Obama Expresses Concern Russia Moving on Ukraine

President Barack Obama acknowledged for the first time Tuesday that Russia is unlikely to surrender control of the strategically important peninsula it annexed from Ukraine, conceding that Western condemnations have had little effect on Vladimir Putin.

Obama insisted the international community would never recognize Russia's takeover of Crimea. But he and European leaders, gathering in the Netherlands for a two-day nuclear summit, said a military response against Moscow was unlikely. The leaders focused much of their attention on keeping Russia from expanding elsewhere in Ukraine even if that means enacting broad sanctions that have negative implications for their own economies.

"Some particular sanctions would hurt some countries more than others," Obama said during a joint news conference with the Dutch prime minister, Mark Rutte. "But all of us recognize that we have to stand up for a core principle that lies at the heart of the international order."

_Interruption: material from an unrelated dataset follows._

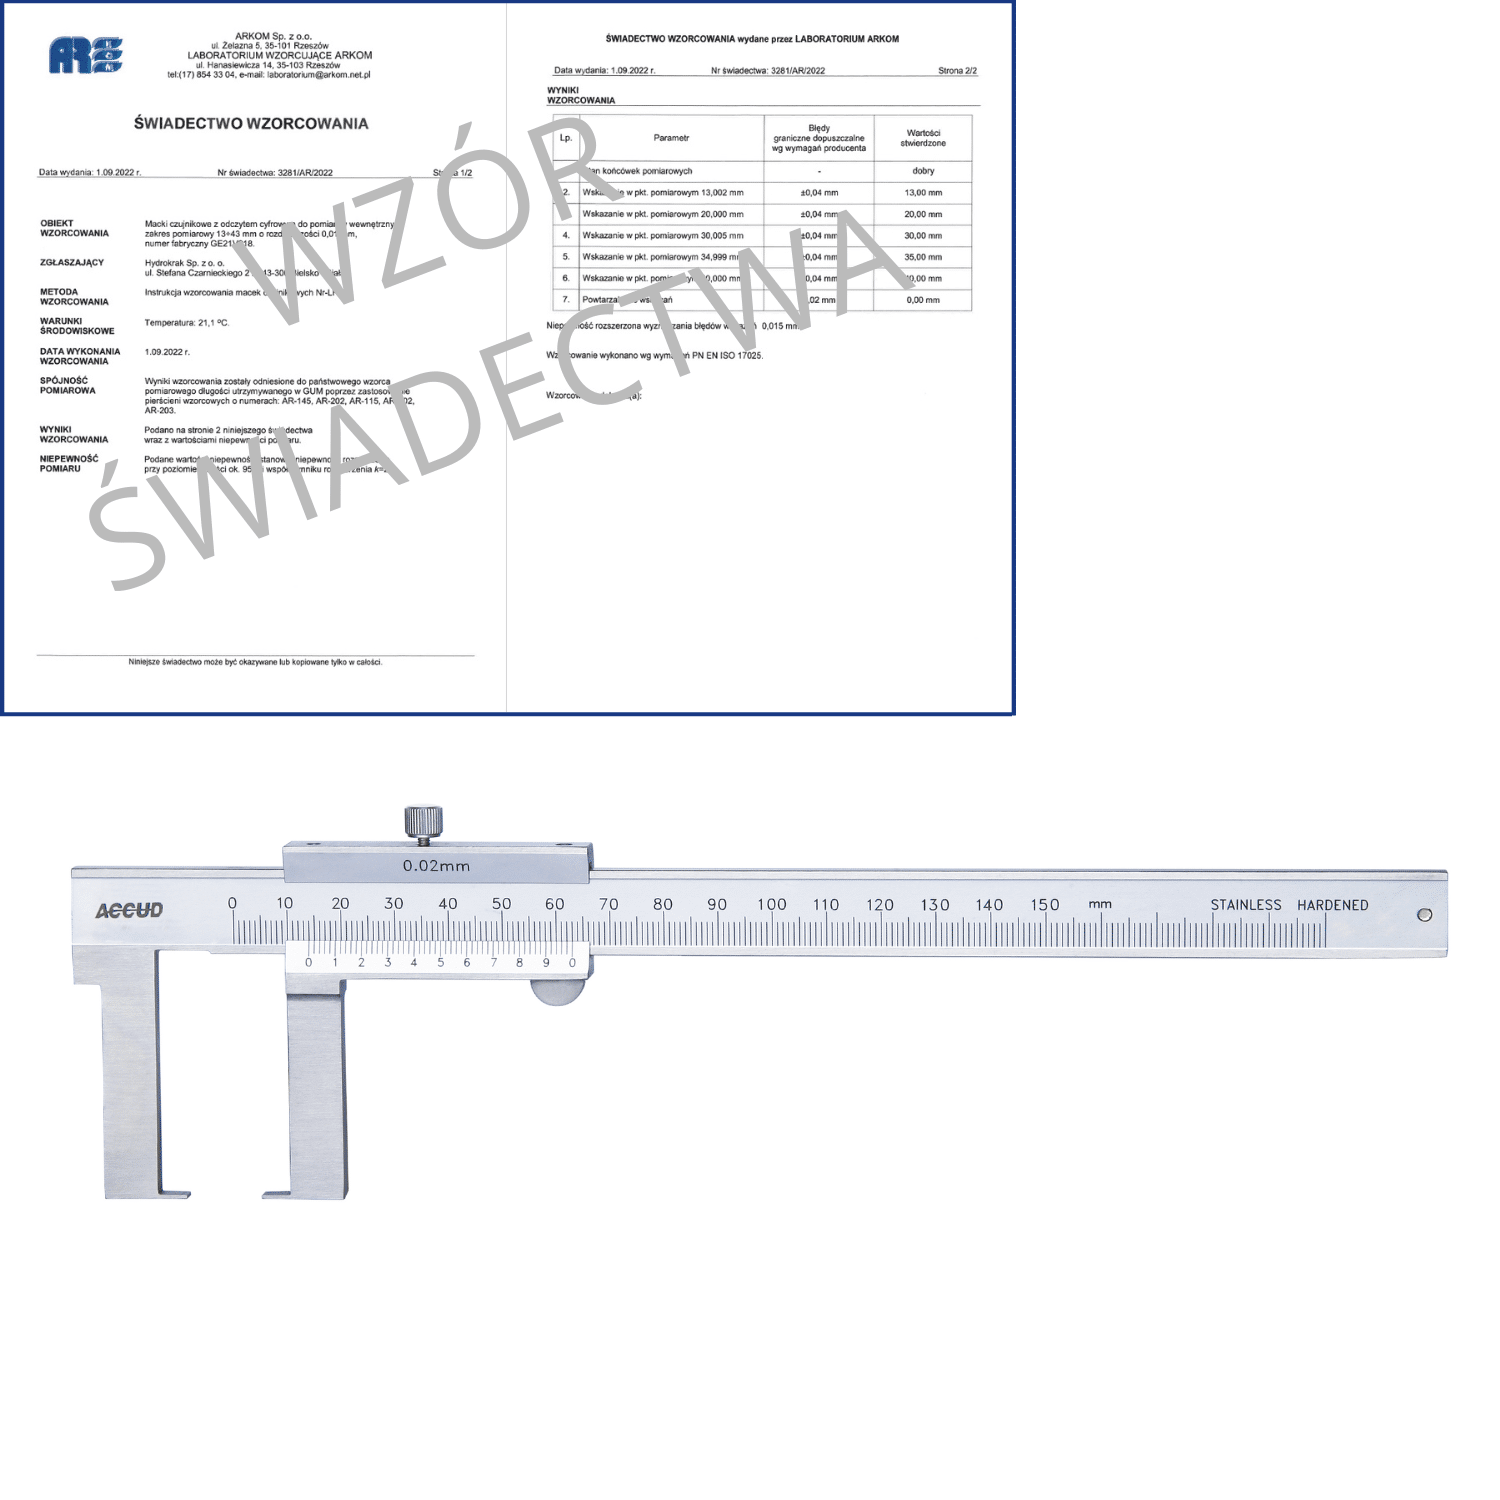 ACCUD suwmiarka analogowa 150/0.02 mm do pomiarów zewnętrznych + świadectwo wzorcowania 143-006-11 WZORC

The president spoke a day after the U.S. and its partners in the Group of Seven economic forum declared that they were indefinitely suspending cooperation with Russia, which often joins with the G-7 nations to form the Group of Eight. The leaders also said they were prepared to impose sanctions on key sectors of the Russian economy, including its energy and defense industries.

Russia's brazen incursion into Ukraine has become a fierce challenge to Obama's leadership on the world stage. He arrived in the Netherlands, the first stop on a weeklong trip abroad, facing withering criticism from Republicans who have charged that the president underestimated Putin or misjudged the Russian leader's intentions.

Among those critics is Obama's former presidential rival Mitt Romney. The GOP politician declared during the 2012 campaign that Russia was America's top geopolitical foe an assertion Obama dismissed as a relic of Cold War-era thinking.

Obama took aim at Romney's assertion again Tuesday, using the opportunity to derisively cast Russia as little more than a "regional power" that threatens its allies, but not the U.S. The pointed comment appeared to take aim at what Western officials see as Putin's insecurity over Russia's standing in the world.

"Russia is a regional power that is threatening some of its immediate neighbors not out of strength, but out of weakness," Obama said. Still, he added that "it would be dishonest to suggest there is a simple solution to what has already taken place in Crimea," where Russian troops are in control.

In a sign of how difficult it would be to roll back Russia's advances, Ukrainian soldiers in Crimea piled onto buses and began their journey to Ukrainian territory on Tuesday following a withdrawal order from the central government in Kiev. A former comrade saluted them from outside a base overrun by Russian forces.

While Putin did not attend the long-planned Nuclear Security Summit, his provocative actions in Ukraine dominated the two days of talks in The Hague. Western nations have used their long-planned meetings here to project a united front in their dispute with the West, banking that diplomatic and political isolation might prevent Putin from launching further incursions into eastern and southern Ukraine.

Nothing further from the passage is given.